We see here the trade off between true positives and false positives as the threshold value increases. We want the maximum true positive number and the minimum false positive number, but how many false positives we are willing to tolerate depends on our use case. For example, if this dataset represented the web traffic of users logging in to their bank accounts, we’d likely want to more aggressively classify outliers because allowing a false login attempt is very dangerous, while the cost of locking some genuine users out of their accounts is acceptable. On the other hand, if we are filtering spam email, the stakes are lower for allowing a spam email through while blocking genuine emails is very annoying to users, so we’d likely classify outliers less aggressively.

Looking at the ROC output, we may want to try out a different threshold in our confusion_matrix.

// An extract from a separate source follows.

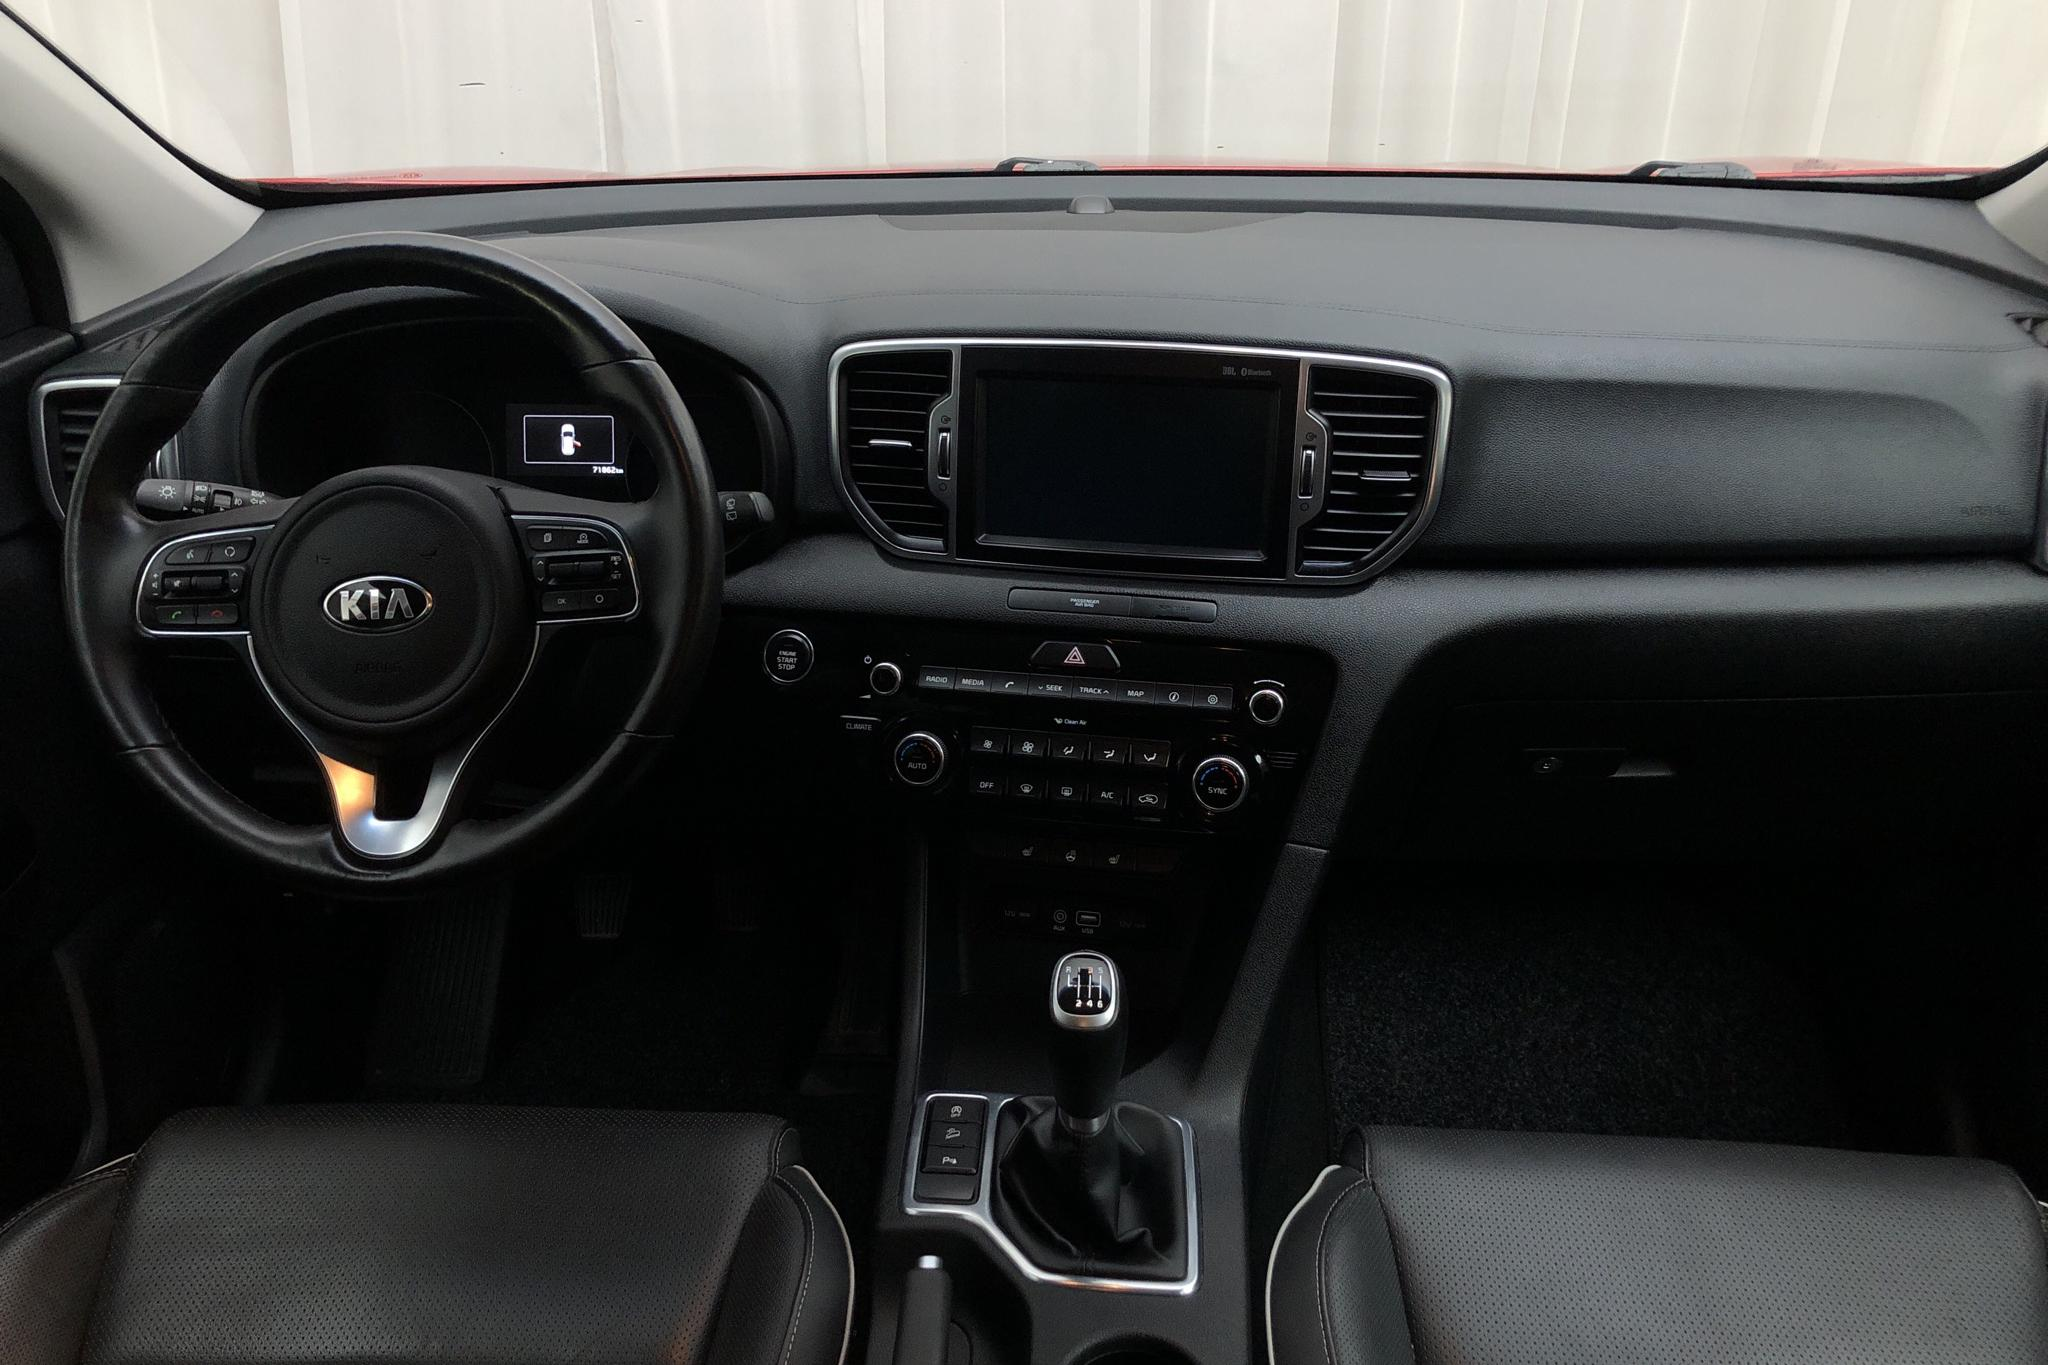 KIA Sportage 1.7 CRDi 2WD (115hk) - 7 186 mil - Manuell - röd - 2017
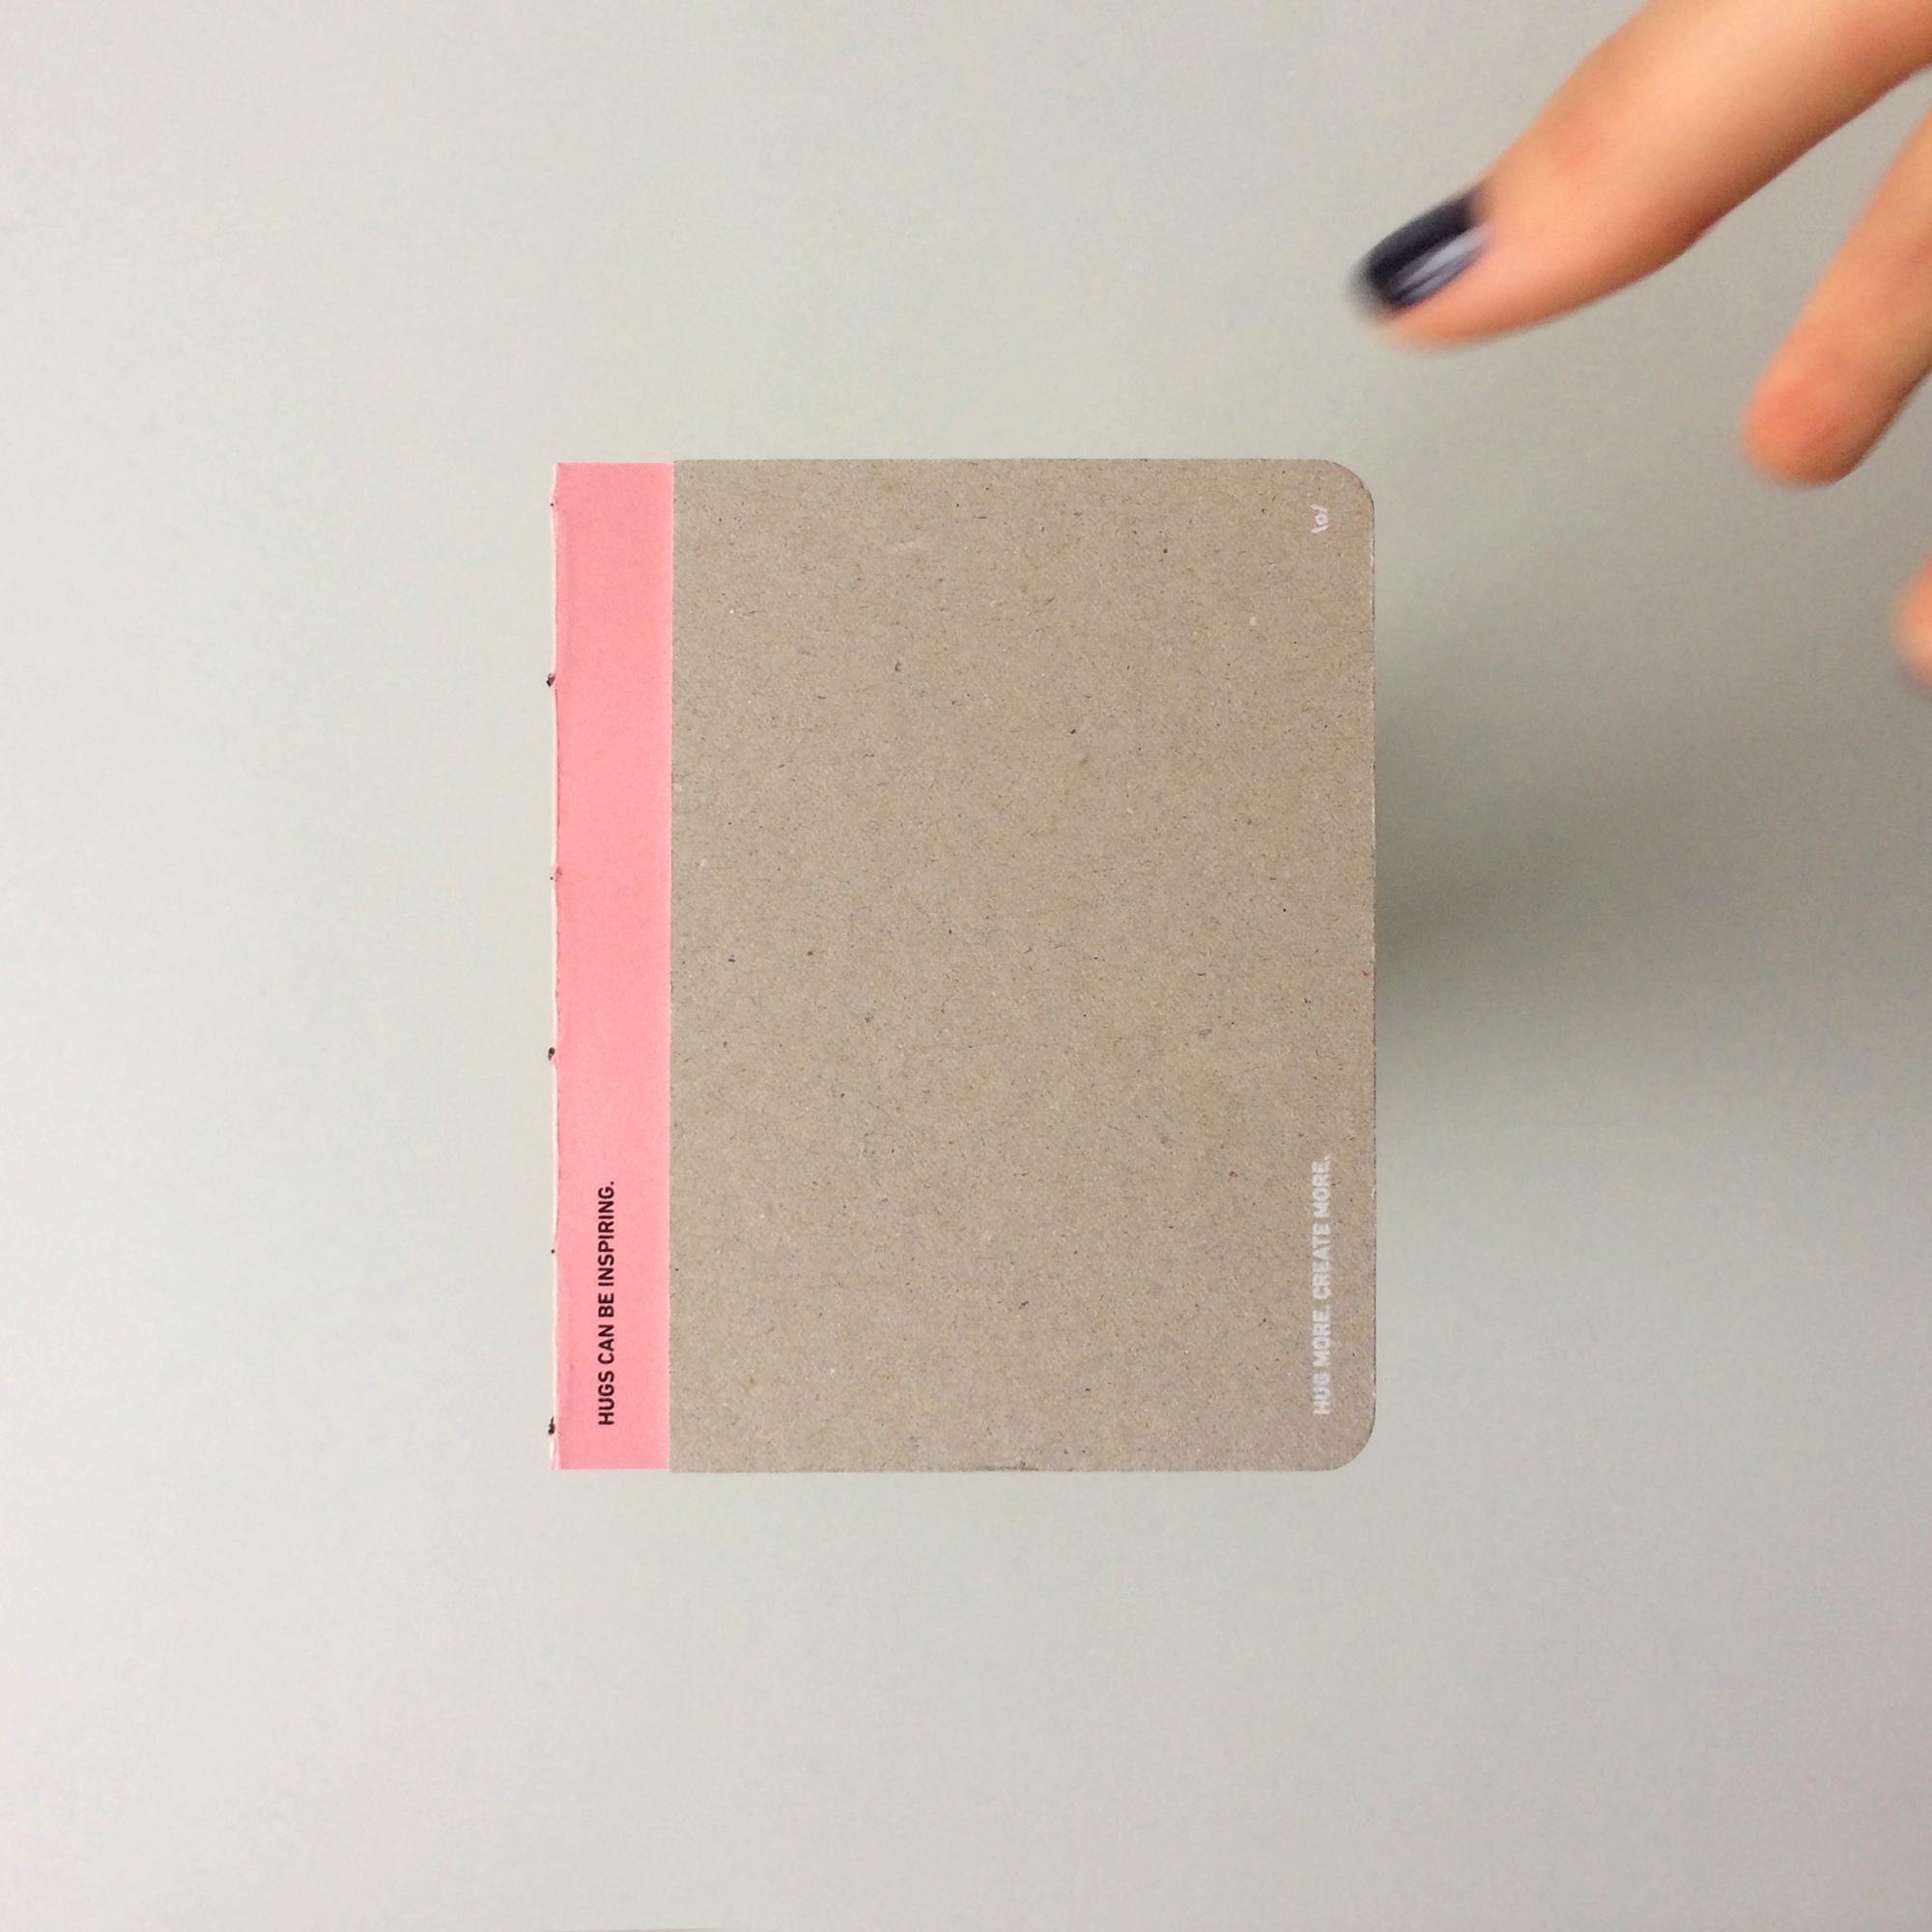 hug_more_sketchbook-flamingo-001-1.jpg

=> WITH prediction_result AS (SELECT apply_iforest(:columns USING PARAMETERS model_name='iforest_example', threshold=0.501) AS pred, label!='normal.' AS obs
                              FROM web_traffic_http)
   SELECT confusion_matrix(obs, pred.is_anomaly USING PARAMETERS num_classes=2) OVER() FROM prediction_result;
 actual_class | predicted_false | predicted_true |                       comment                      
--------------+-----------------+----------------+-----------------------------------------------------
 f            |          609850 |           9196 |
 t            |            1935 |           2110 | Of 623091 rows, 623091 were used and 0 were ignored
(2 rows)


Note that while a threshold of 0.501 does produce a better result in terms of correctly predicted outliers, it also results in more than 7,000 non-outlier rows classified as outliers. Again, choosing the best threshold value ultimately comes down to the specific use case for which the model is being used.

Summary

Here, we’ve walked through how to download and import a dataset into Vertica, train an iForest model, and tune the threshold parameter for prediction. Our example uses a web traffic dataset, but there are countless other applications iForest can be used for. Here are just a few examples:

  • Fraud Detection – emails, account logins, financial data, etc.
  • Fault Detection
  • System Health monitoring
  • Event detection in sensor networks
  • Etc.

All sorts of events we experience represent outliers from the norm. Earthquakes, stock spikes, system failures, tsunamis, extreme weather events, manufacturing defects, and diseases are all examples of outliers in vastly different fields. The Isolation Forest algorithm is yet another powerful tool in your machine learning toolbox with which to build, test, and deploy your solutions and identify such outliers as quickly and efficiently as possible.